Alfredo Fiorentino1*, Enrico Drigo1*, Stefano Baroni1,2*, Paolo Pegolo1,3*

1 SISSA—Scuola Internazionale Superiore di Studi Avanzati, 34136 Trieste, Italy

2 CNR—Istituto Officina dei Materiali, SISSA, 34136 Trieste, Italy

3 COSMO—Laboratory of Computational Science and Modelling, IMX, École Polytechnique Fédérale de Lausanne, 1015 Lausanne, Switzerland

* Corresponding authors emails: afiorent@sissa.it, endrigo@sissa.it, baroni@sissa.it, paolo.pegolo@epfl.ch
DOI10.24435/materialscloud:wc-yf [version v1]

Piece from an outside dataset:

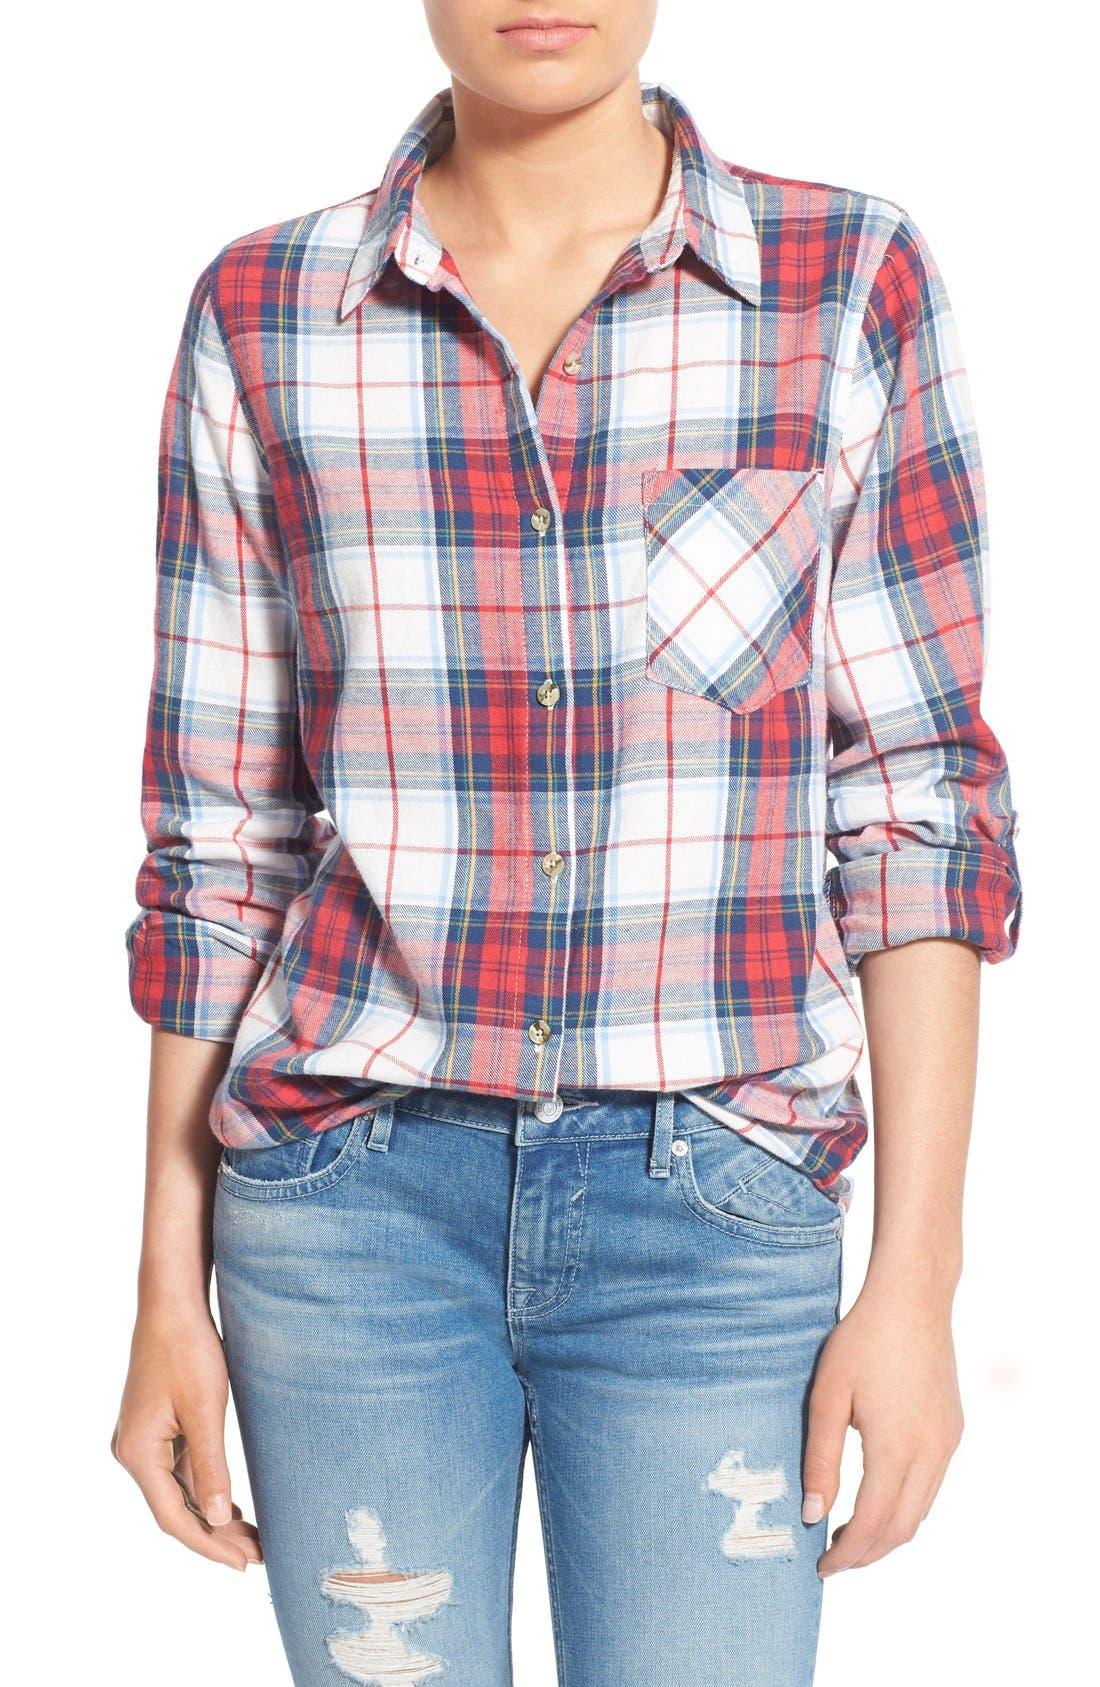 THREAD & SUPPLY 'Humboldt' Plaid Shirt, Main, color, 600

Publication date: May 23, 2024

How to cite this record

Alfredo Fiorentino, Enrico Drigo, Stefano Baroni, Paolo Pegolo, Unearthing the foundational role of anharmonicity in heat transport in glasses, Materials Cloud Archive 2024.77 (2024), https://doi.org/10.24435/materialscloud:wc-yf

Description

The time-honored Allen-Feldman theory of heat transport in glasses is generally assumed to predict a finite value for the thermal conductivity, even if it neglects the anharmonic broadening of vibrational normal modes. We demonstrate that the harmonic approximation predicts that the bulk lattice thermal conductivity of harmonic solids inevitably diverges at any temperature, irrespective of configurational disorder, and that its ability to represent the heat-transport properties observed experimentally in most glasses is implicitly due to finite-size effects. Our theoretical analysis is thoroughly benchmarked against careful numerical simulations. Our findings thus reveal that a proper account of anharmonic effects is indispensable to predict a finite value for the bulk thermal conductivity in any solid material, be it crystalline or glassy. This record contains data and scripts to support the findings of the manuscript and ensure their reproducibility.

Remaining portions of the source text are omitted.